DATA FOR THIS EXERCISE -
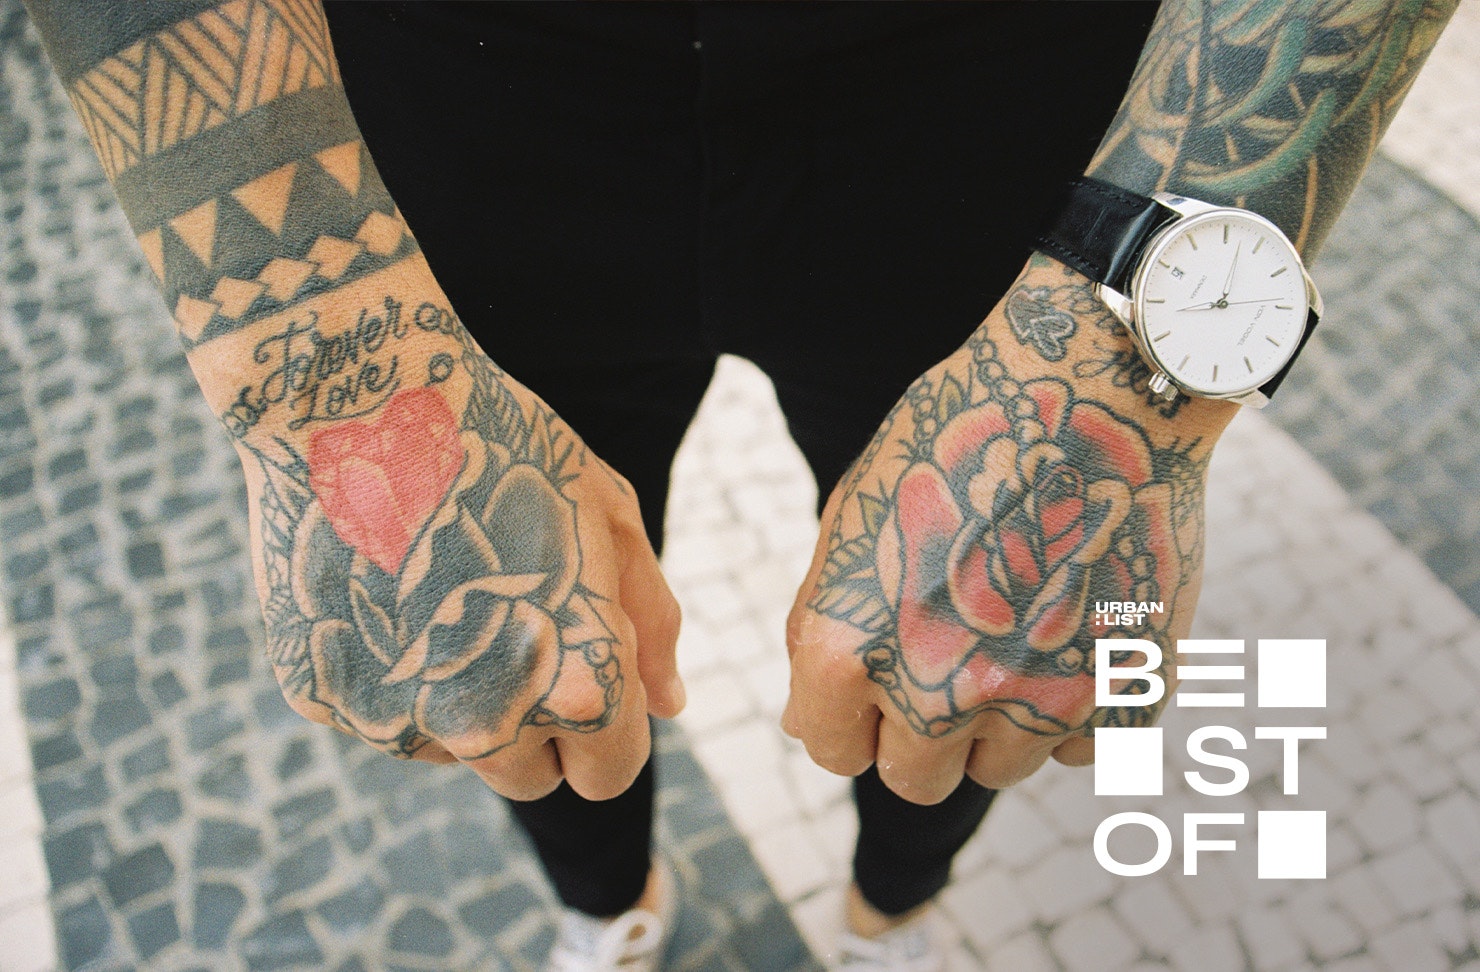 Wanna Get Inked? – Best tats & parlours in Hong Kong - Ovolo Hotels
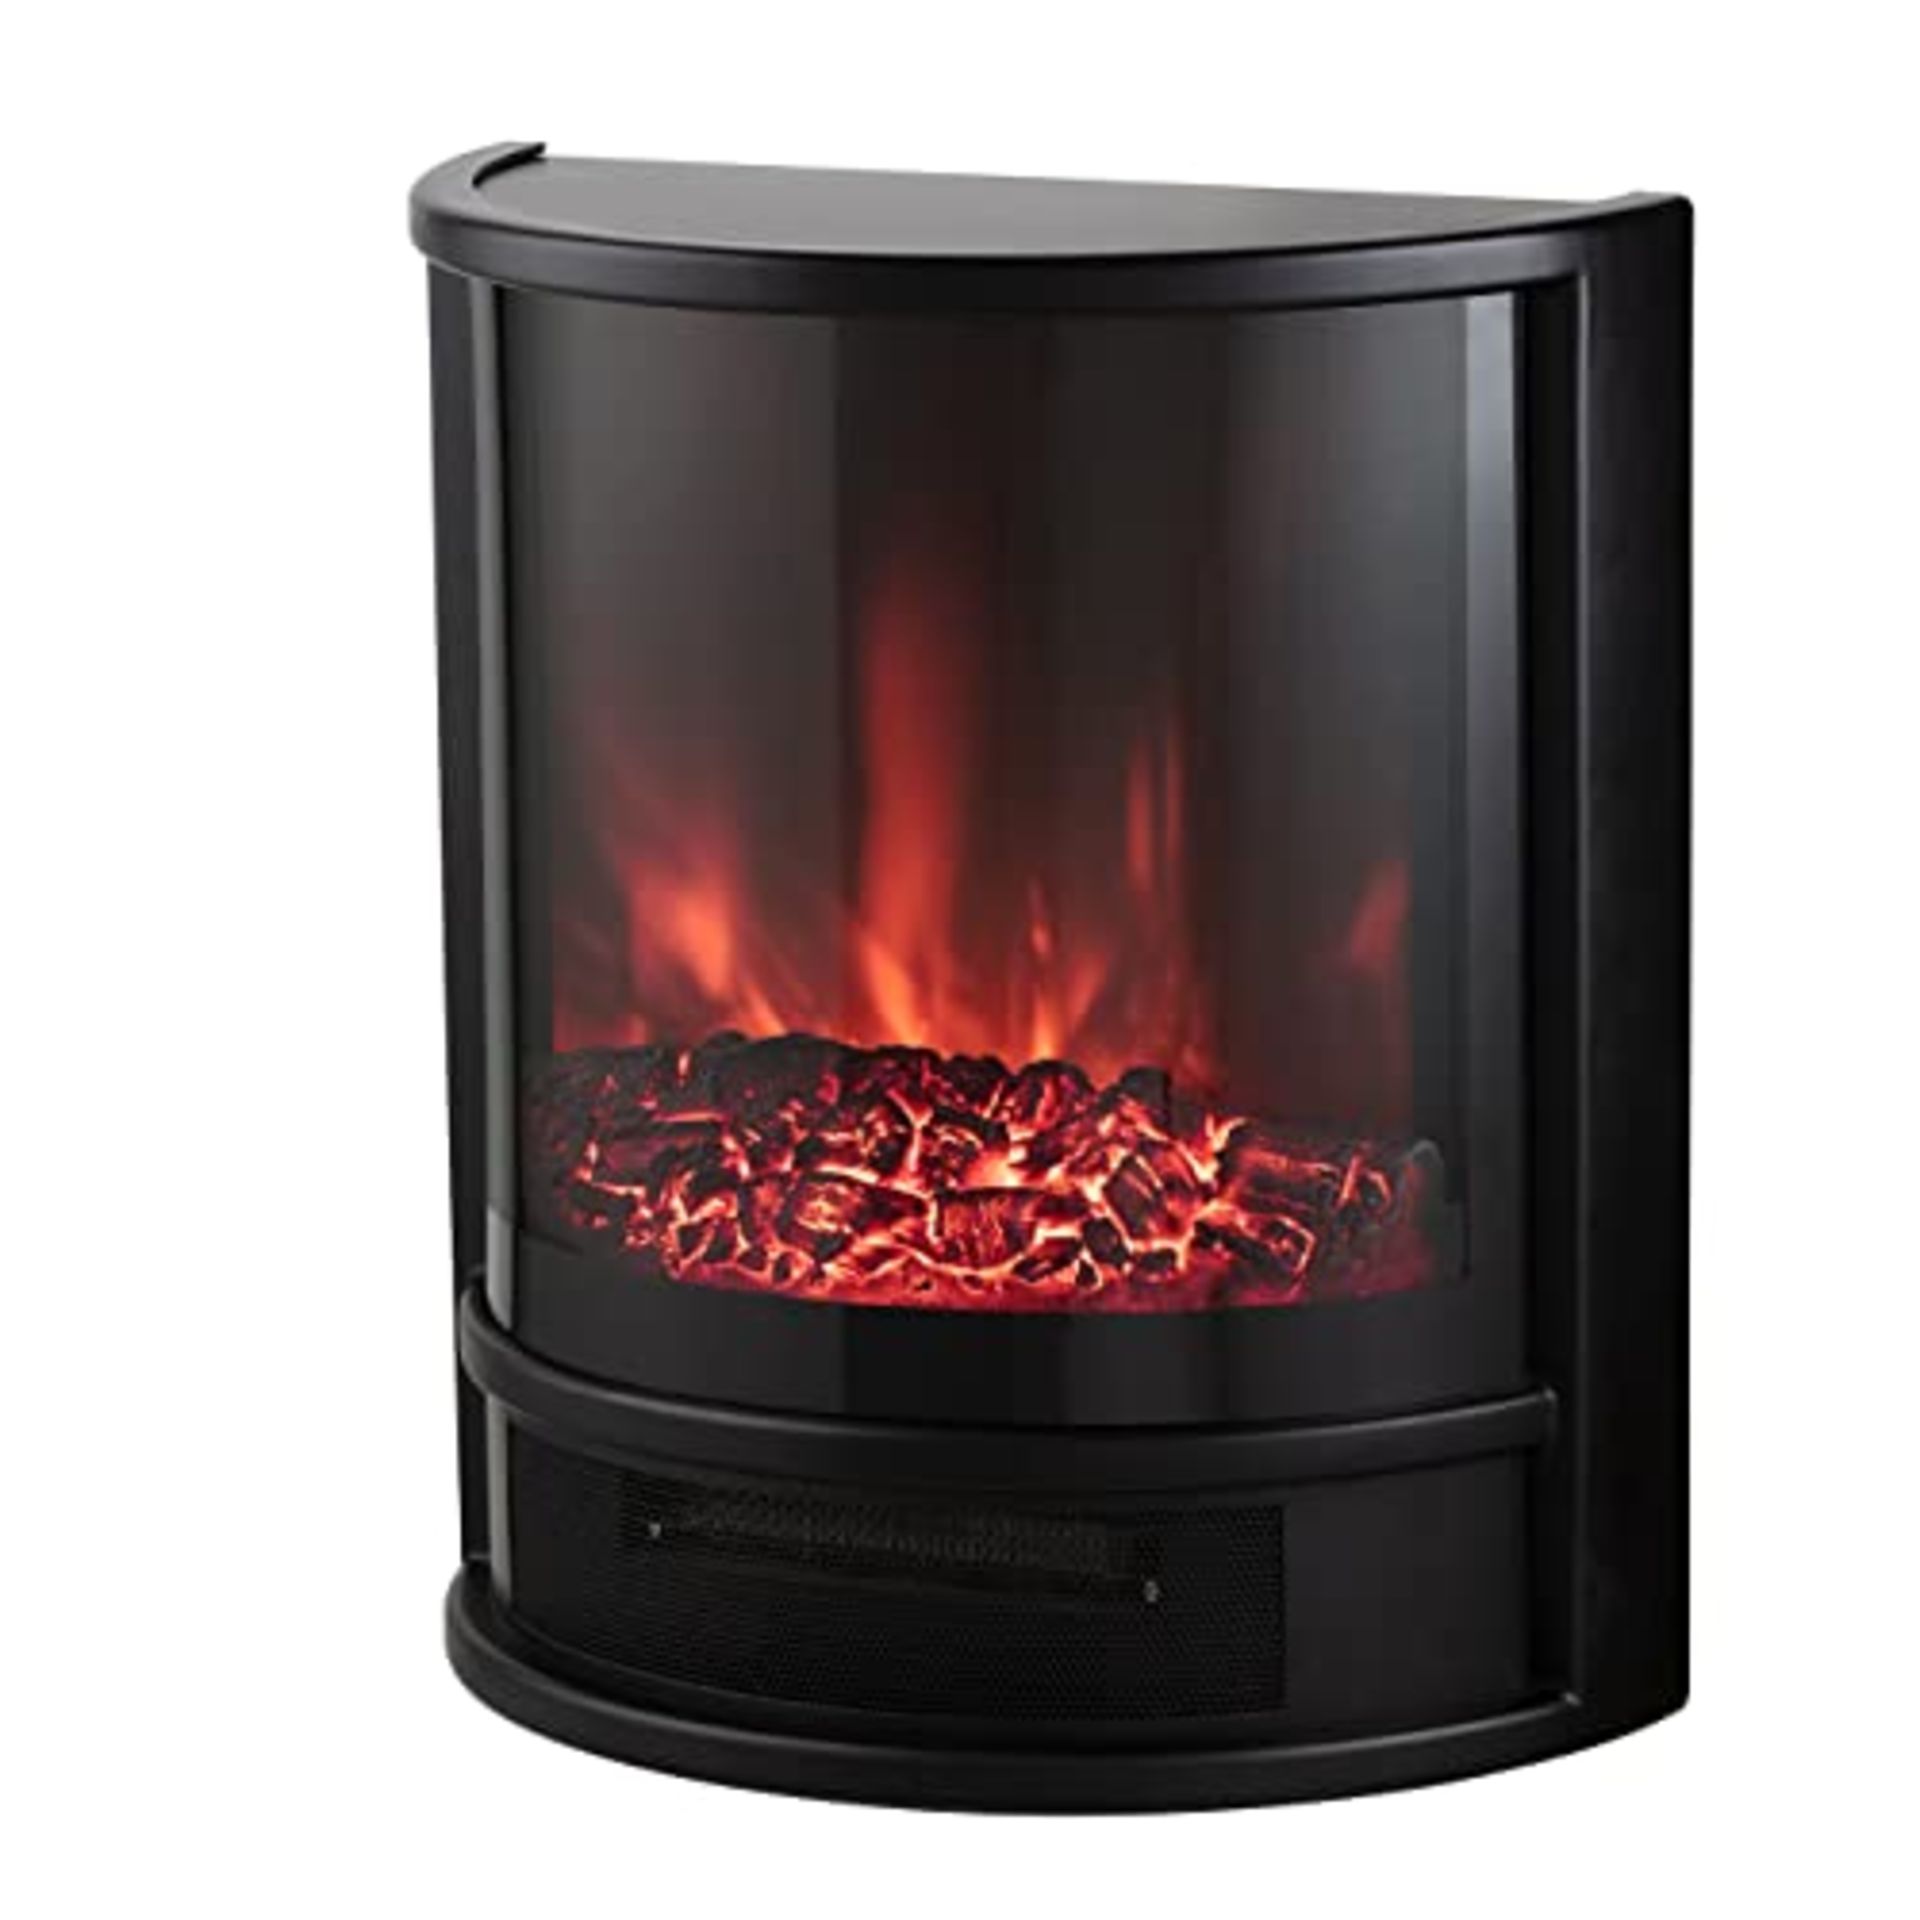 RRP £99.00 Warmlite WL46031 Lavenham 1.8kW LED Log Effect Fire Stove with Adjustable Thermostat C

...

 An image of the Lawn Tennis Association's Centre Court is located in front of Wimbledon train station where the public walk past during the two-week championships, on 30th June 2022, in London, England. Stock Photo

ACTIVITY - Within the listing above, the lines starting at the one containing "Wanna Get Inked?" and ending at the one containing "RRP £99.00 Warmlite" are to be returned exactly. Omit the pictures.

EXERCISE OUTPUT -
 Wanna Get Inked? – Best tats & parlours in Hong Kong - Ovolo Hotels
 RRP £99.00 Warmlite WL46031 Lavenham 1.8kW LED Log Effect Fire Stove with Adjustable Thermostat C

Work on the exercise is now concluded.